According to the OBR, the ratio of tax revenue to GDP will be 37.4 per cent in 2027-28. Without the tax measures introduced this week, it would have been 38.1 per cent. This difference of 0.7 per cent of GDP reflects Hunt’s “giveaways”, mainly his tax cuts. But the 37.4 per cent forecast is still higher than the 37.0 per cent in the OBR’s restatement of last March’s forecast. It must also be contrasted with the 33.1 per cent in 2019-20, when this parliament was elected. This has been a tax-raising parliament on a grand scale.
Moreover, the OBR forecast, based on stated policies, is that the share of public spending in GDP will decline from 45.1 per cent in the 2022-23 financial year to 42.9 per cent in 2027-28. That would be smaller than the squeeze in the 2010s.
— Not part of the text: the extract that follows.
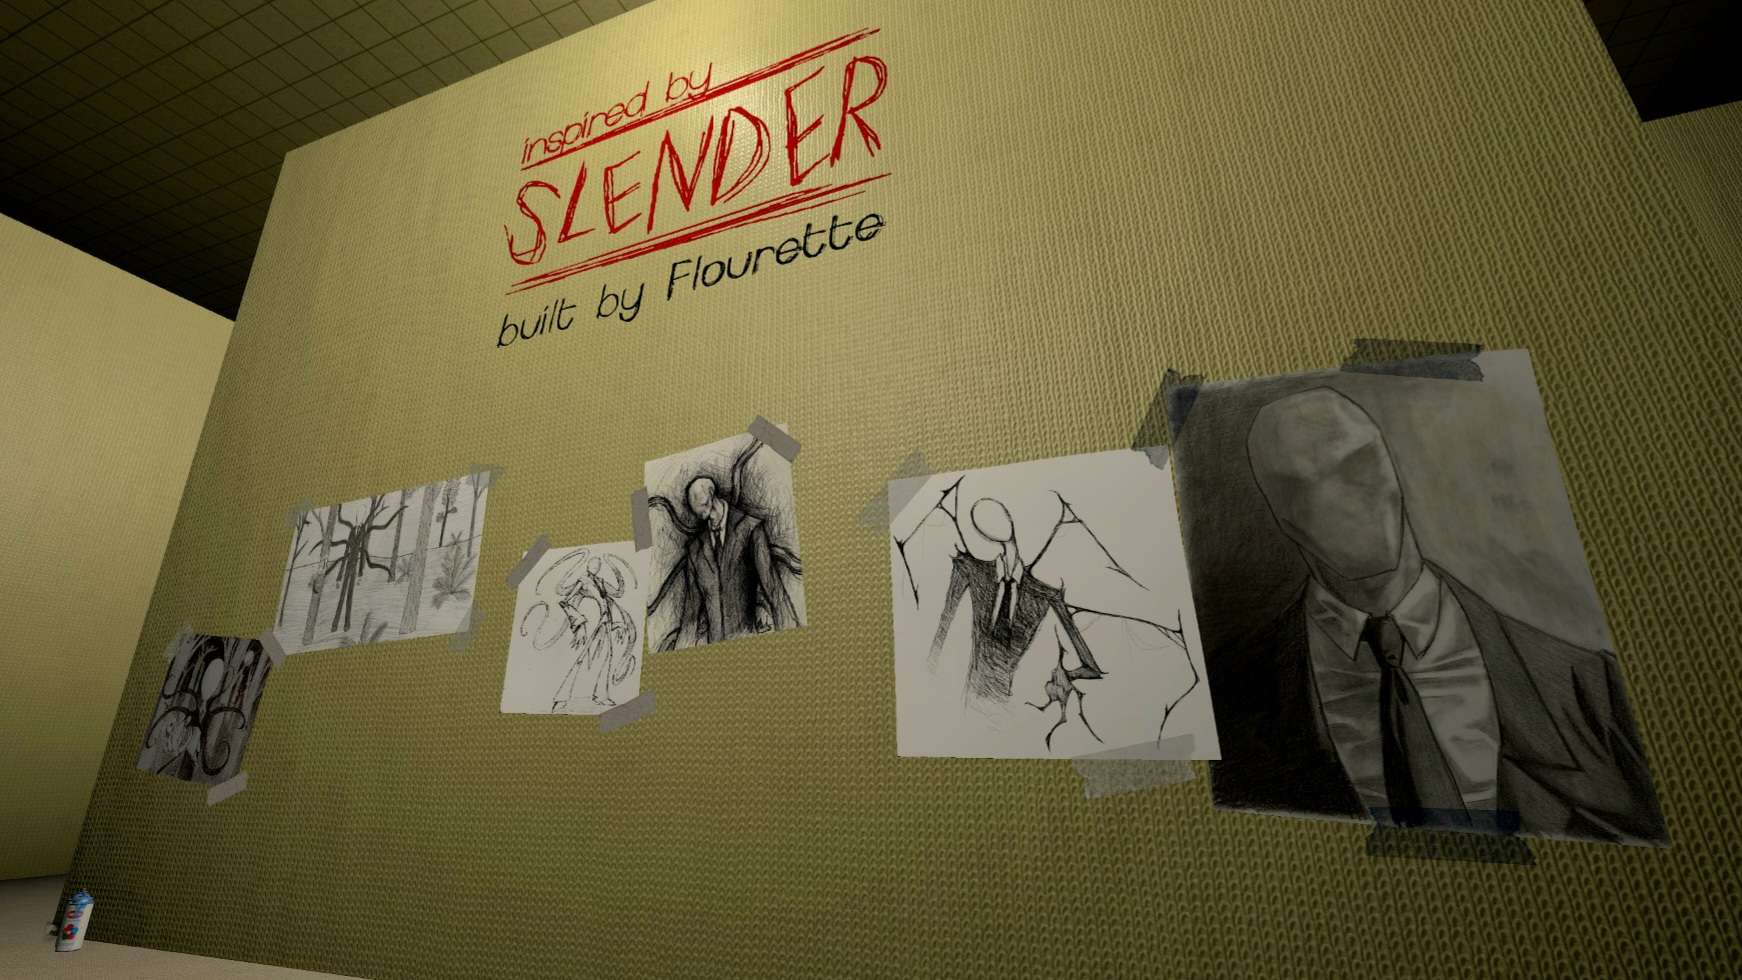 Slender inspired Condo by Flourette - Community Showcase - PixelTail Games  - Creators of Tower Unite!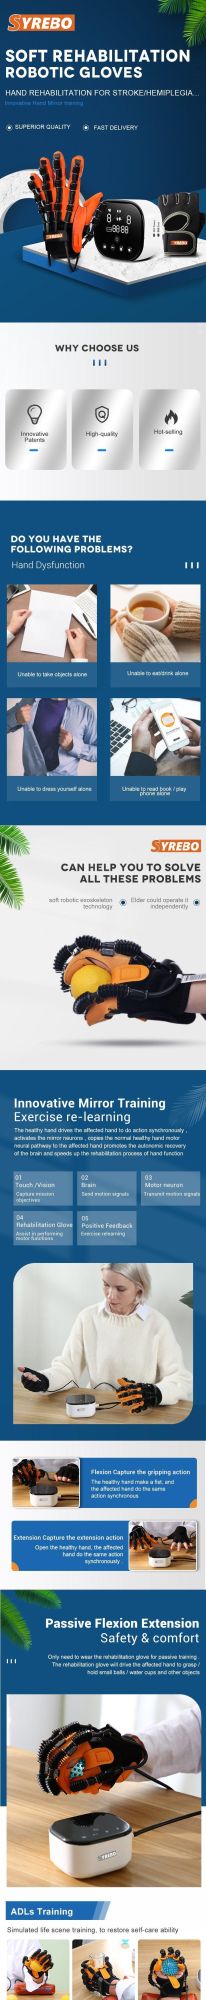 Best Physical Therapy Equipments Hemiplegia Finger Rehabilitation Trainer Robot Glove for Stroke Hand Function Training Exercise

But it would still be sizeable. Public services are labour-intensive. It has always proved hard to raise productivity sharply in such activities. Moreover, public sector wages and social benefits will also tend to rise in line with incomes in the wider economy. Given an ageing population and the need to spend more on defence, planned reductions in spending as a share of GDP will be hard indeed to sustain. Pretending to deliver what will not be delivered is just another way of cheating.
Will “cuts” at least bring big political dividends? It seems unlikely, given the inflation and consequent squeeze on real spending and hidden tax increases that have created room for them. The biggest problem the government faces, however, is the poor performance of the economy in the long run.
The chancellor boasted that “since 2010, we have presided over faster growth than many of our major competitors including Spain, Italy, France, Germany or Japan”.
That is doubly misleading. First, aggregate GDP is not what matters; what does is GDP per head. Second, what matters most is the absolute rise in living standards, not performance relative to other poorly performing countries (such as crisis-hit members of the eurozone). According to the IMF, real GDP per head will rise by 10 per cent in the UK between 2010 and 2023 — an annual rate of 0.7 per cent. On this more relevant measure, Germany, Spain and Japan did better than the UK and France only slightly worse.
The chancellor also stated that the “110 measures I take today help close that gap by boosting business investment by £20bn a year. They unlock investment with supply side reforms that back British business in the following areas.” Some of these changes, such as the expensing of business investment, support for innovation and reforms to pensions, have much to recommend them.
Yet the OBR, probably rightly, is largely unmoved. It remarks that “we now expect the economy to grow more slowly over the forecast period, leaving the level of real GDP only ½ a per cent higher in the medium term than in our March forecast”. In other words, the UK is expected to remain on a relatively weak growth trajectory. This is not that surprising: it is hard to link such measures to improved growth. Even a £20bn increase in business investment would leave its level low by the standards of similar countries. The challenge of accelerating growth remains, alas, unsolved.